Fix submit inserts

MrPetovan commented

2017-11-01 07:34:46 +01:00

(Migrated from github.com)

A wrong sprintf string made all new directory submission fail, this is now fixed. I'll try to manually resubmit all the inserts that failed this way that I can find in the logfile.

A wrong `sprintf` string made all new directory submission fail, this is now fixed. I'll try to manually resubmit all the inserts that failed this way that I can find in the logfile.

MrPetovan commented

2017-11-01 08:51:00 +01:00

(Migrated from github.com)

I found 271 accounts that were never inserted since October 23rd. I can't reliably go further because the logfile didn't log the PID of the worker, which means I can't associate a particular outcome with a particular request. I can resubmit all the URLs that ever entered the logfile, though.

MrPetovan commented

2017-11-01 09:41:48 +01:00

(Migrated from github.com)

Found 5061 total URLs submitted since I set up my directory, resubmitting them all.
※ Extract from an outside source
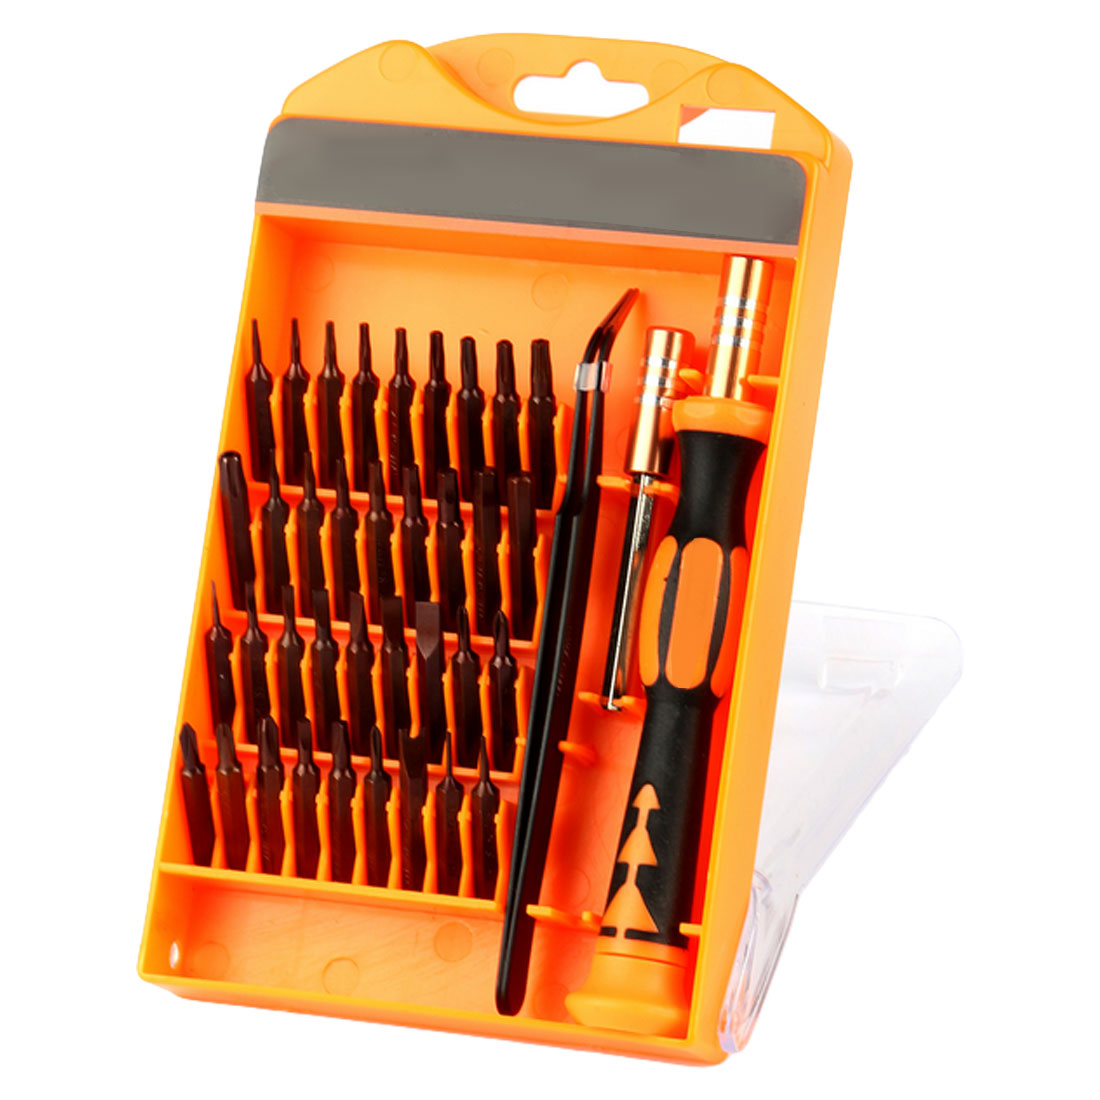 39 in 1 Mini Electronic Screwdriver Bits Multifunctional Precision Screwdriver Set For iPhone/Laptop Repair Tools Kit Set

Most already existed or, worse, don't exist anymore, but I've been able to add 306 profiles back to the directory.

annando commented

2017-11-01 14:53:49 +01:00

(Migrated from github.com)

The directory should be able to do some contact discovery at the known servers. We have the structure for that.

MrPetovan commented

2017-11-01 14:58:37 +01:00

(Migrated from github.com)

This manual pull was out of the ordinary, as the insert process was broken for a while, but yeah, I agree. Is there a feed of discoverable users I can pull from?

annando commented

2017-11-01 15:38:49 +01:00

(Migrated from github.com)

Every server (when not forbidden by configuration) is reachable via /poco. See for example https://pirati.ca/poco

There all users are listed who don't disagree with being listed.

Other interesting paths are:

/poco/@server - This is a list of all servers that an instance does know
/poco/@global - All contacts that this server had recently contacted

The last two paths list every federated network.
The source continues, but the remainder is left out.